Hello, this is Mr. Scarlet, I'm calling for a cleaning request.
Finally, after the sound had died off, Will got control of his fingers again and made the lock moan for him, swinging it open and preparing to bolt.
He stood up in surprise and concern.
"Liz?" Will asked, letting the door shut behind him. "What the bloody hell?"
She looked up at him briefly, mascara running down her cheeks—since when did she wear mascara? She hadn't worn any kind of makeup three months ago—and then resumed her work, digging wholeheartedly into the pillows on the couch with a switchblade.
"Look, Liz…" Will continued in a gentle but wary tone, edging his way inside with his hands out in front of him. "I hate that couch too, but there's no need for violence."
"Fuck you." Her voice was small and tinny with tears, and her hands raked through discolored stuffing.
Slowly, Will kneeled down next to her and placed his hand over hers, keeping her still. She sniffed loudly.
"What's wrong?" he asked.
"Fucking tip turned out sideways," she told him. "Most of the crew got nabbed and now I owe Walrus… I owe him a lot, Will. I thought maybe I'd left some hidden up here, but…" she kneaded at the twisted fibers fruitlessly. "But it's gone now. What am I going to do, Will?"
"Run," he offered, and it was not a cruel answer. It was what they did. He said "they" because Lizard was the only person he could call a friend of similar situation. He knew the fear of a boss breathing over your shoulder after a job, of the uneasy trust of tips. He knew, god, he knew.

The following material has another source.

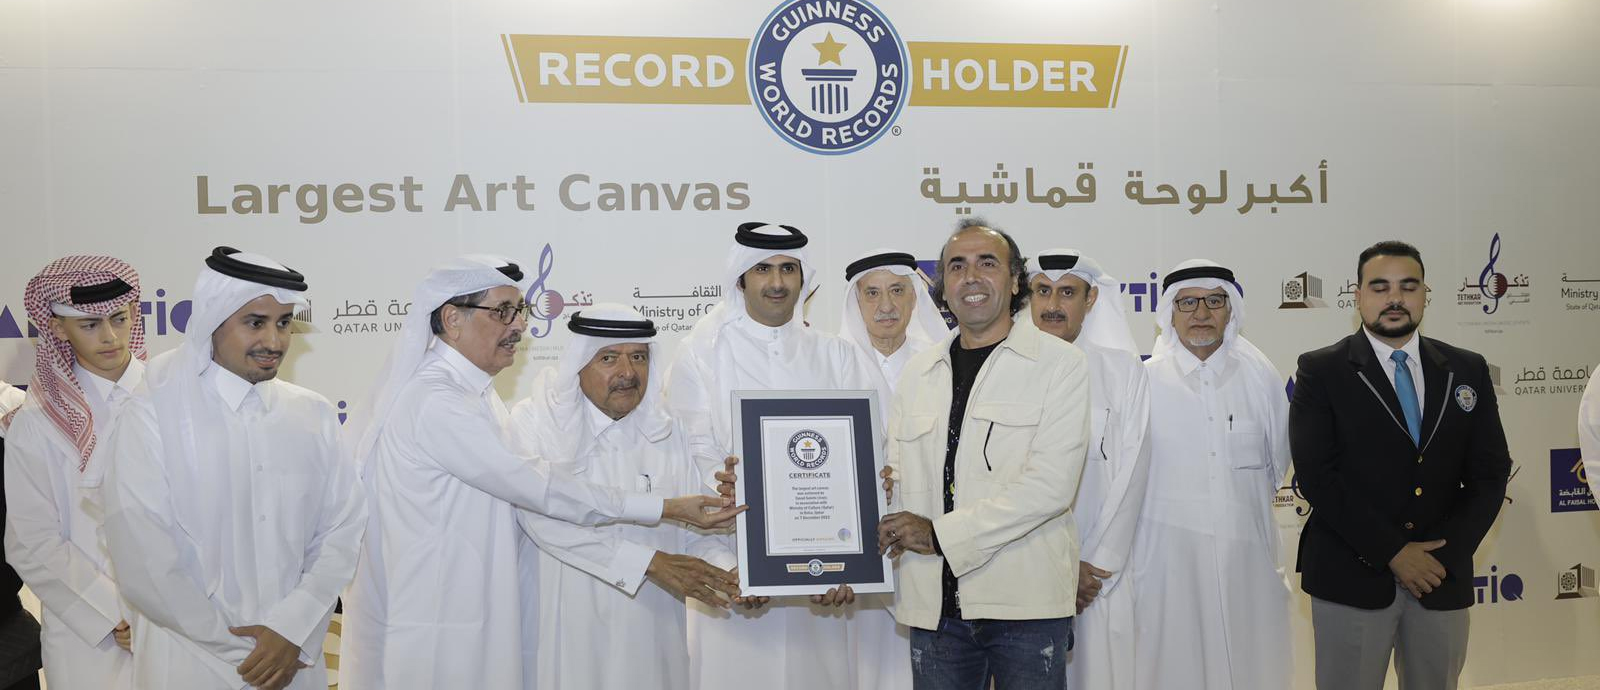 Minister of Culture Inaugurates Guinness World Records' Largest Painting 'The Story of a Ball'
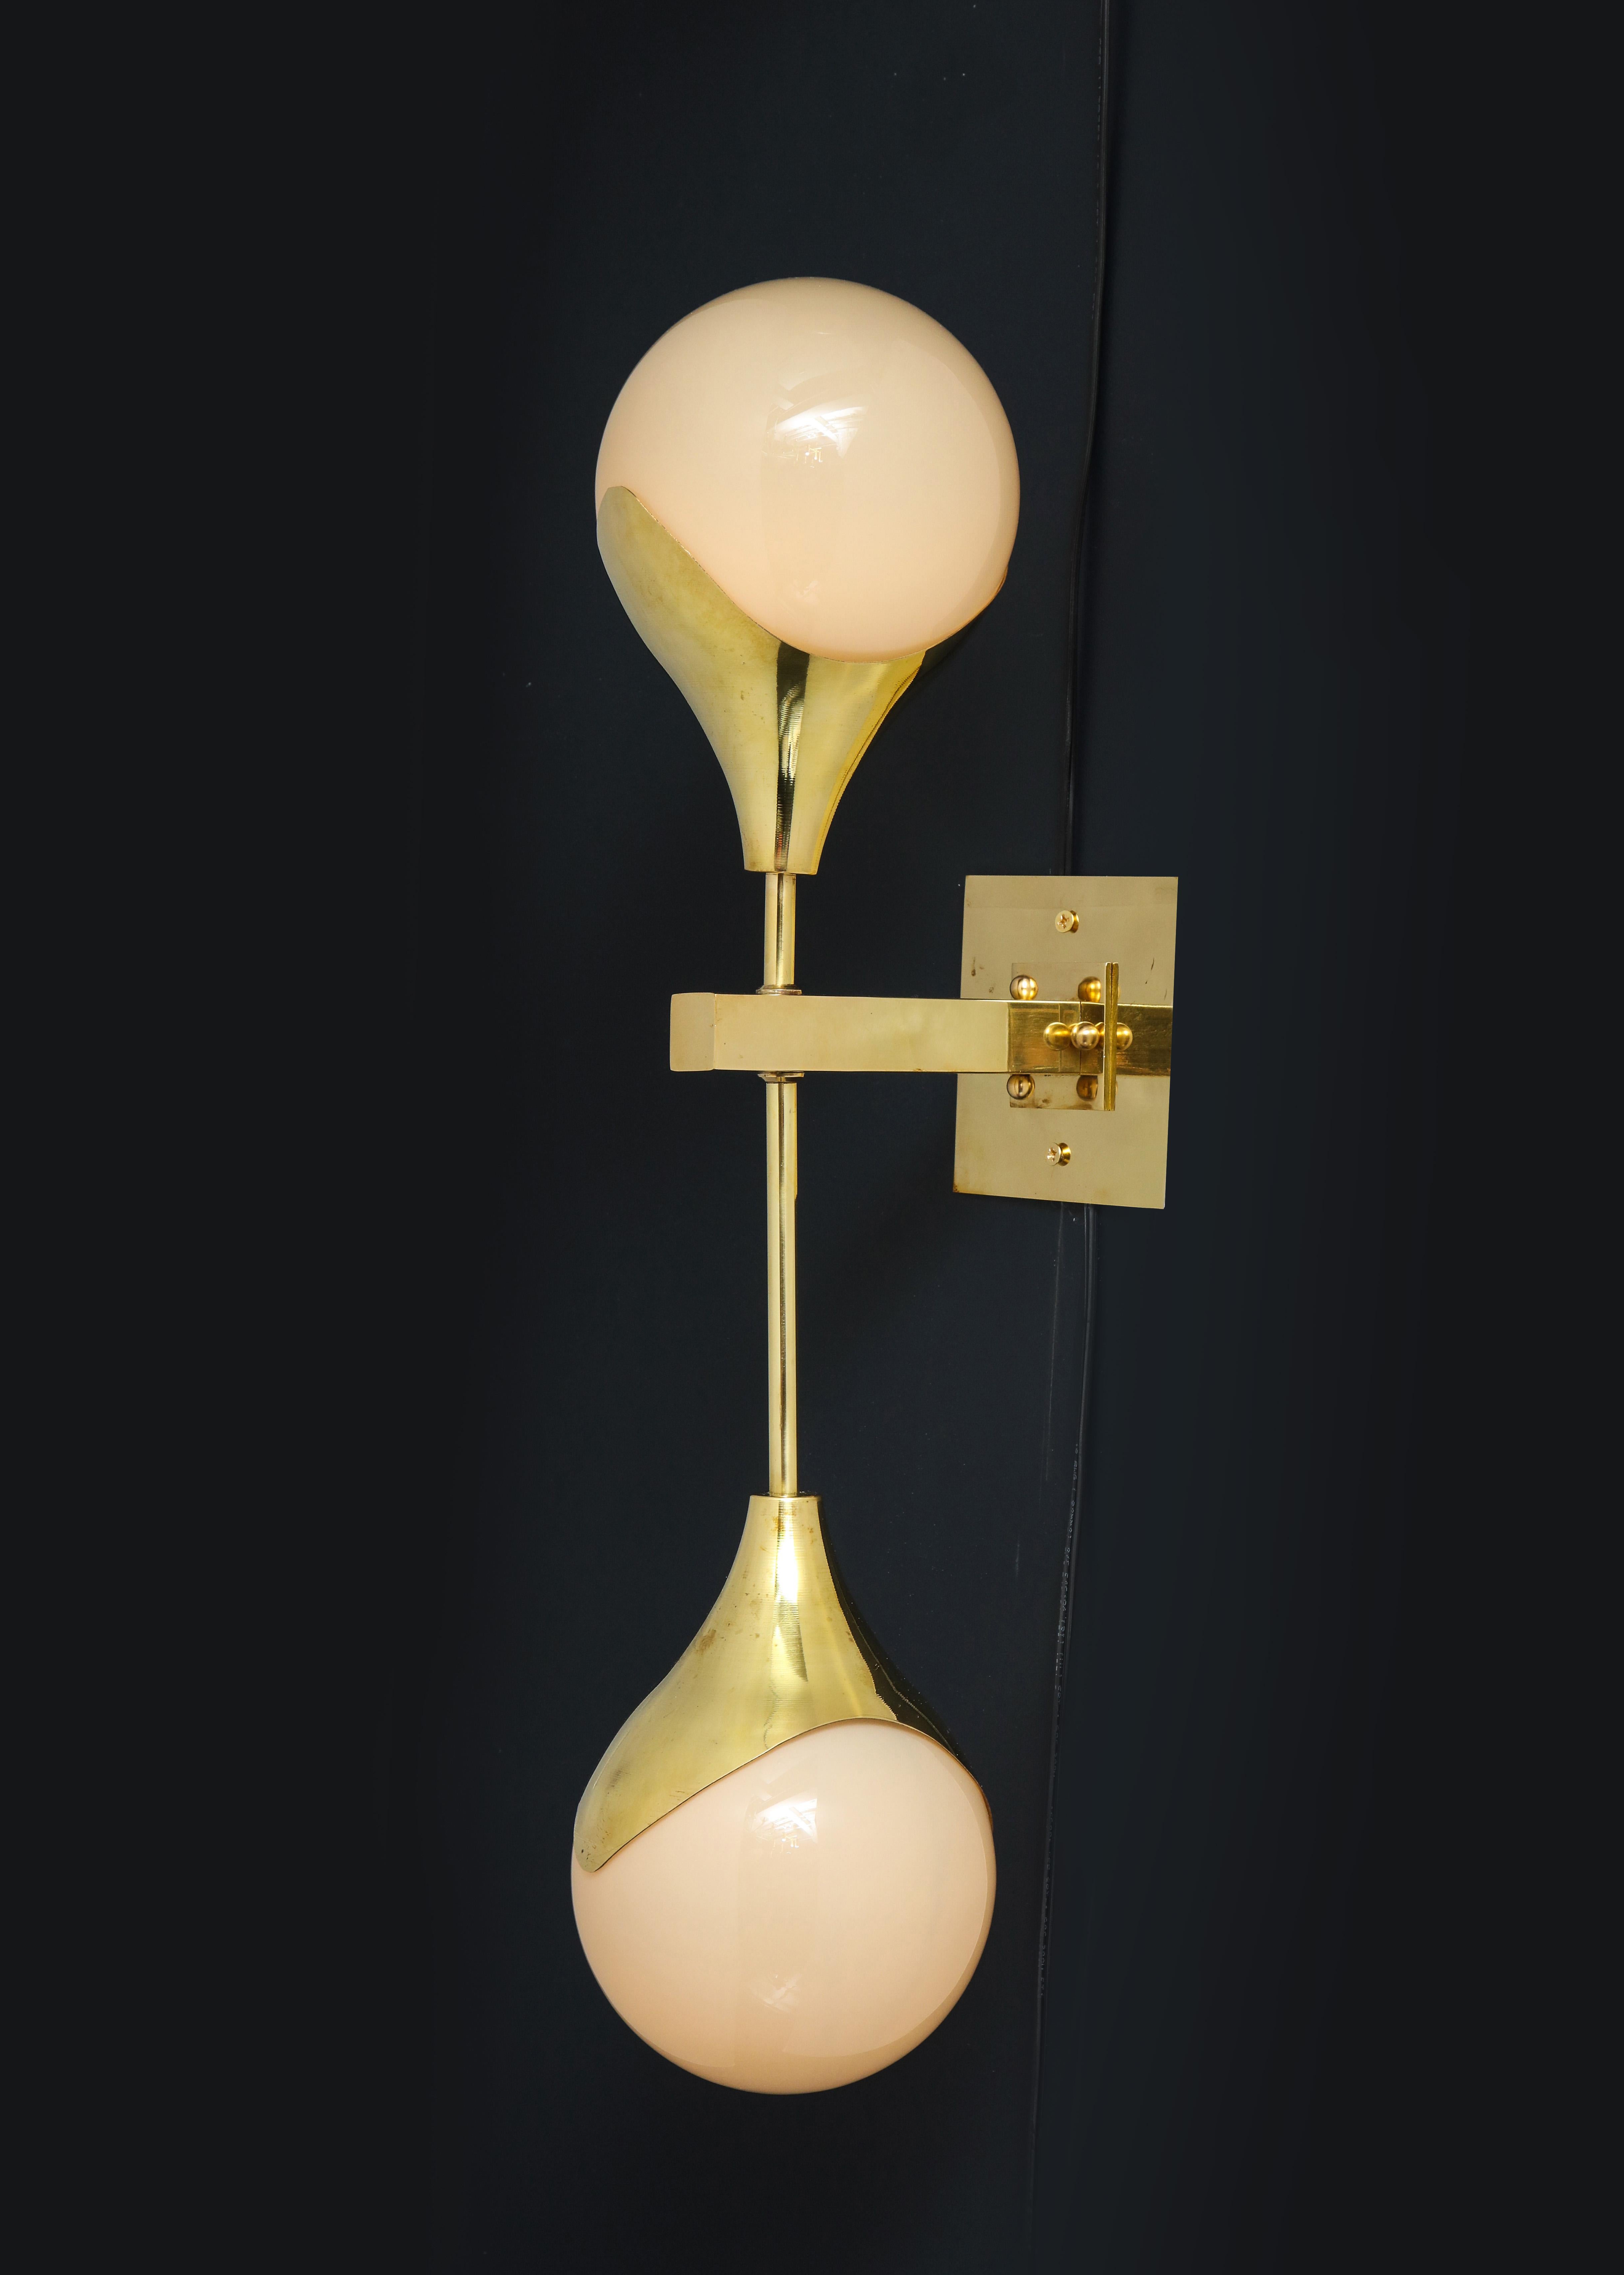 Pair of unique dumbbell-shaped brass sconces with Murano white glass globes and brass plates. Sconces can be installed with long arm up or down (your preference). Wired for U.S. standards. Each light holds two candelabra-base bulbs. This pair of

"I can't," her voice cracked. "I can't. This is too big for running."
Will squeezed her hand, mind running a million miles an hour. "… How much?" he asked in a husky voice.
She blinked blurrily at him. "What?"
"How much money do you owe, Lizard?" he asked without looking at her, speaking quickly.
She said a single number, spitting it out like it left a bad taste in her mouth. She watched his expression and he nodded slowly.
"Okay," was all he said.
"What?" she repeated.
"I need to go for a walk. Don't… wail and throw yourself from a high place just yet, okay?" he tried for a playful tone, and it only served to confuse her more. He stood suddenly and walked right back out of the apartment, down to a corner store where the camera angle didn't quite catch his face beneath his hood. He bought a cell phone.
Hello, this is Mr. Scarlet, I'm calling for a cleaning request.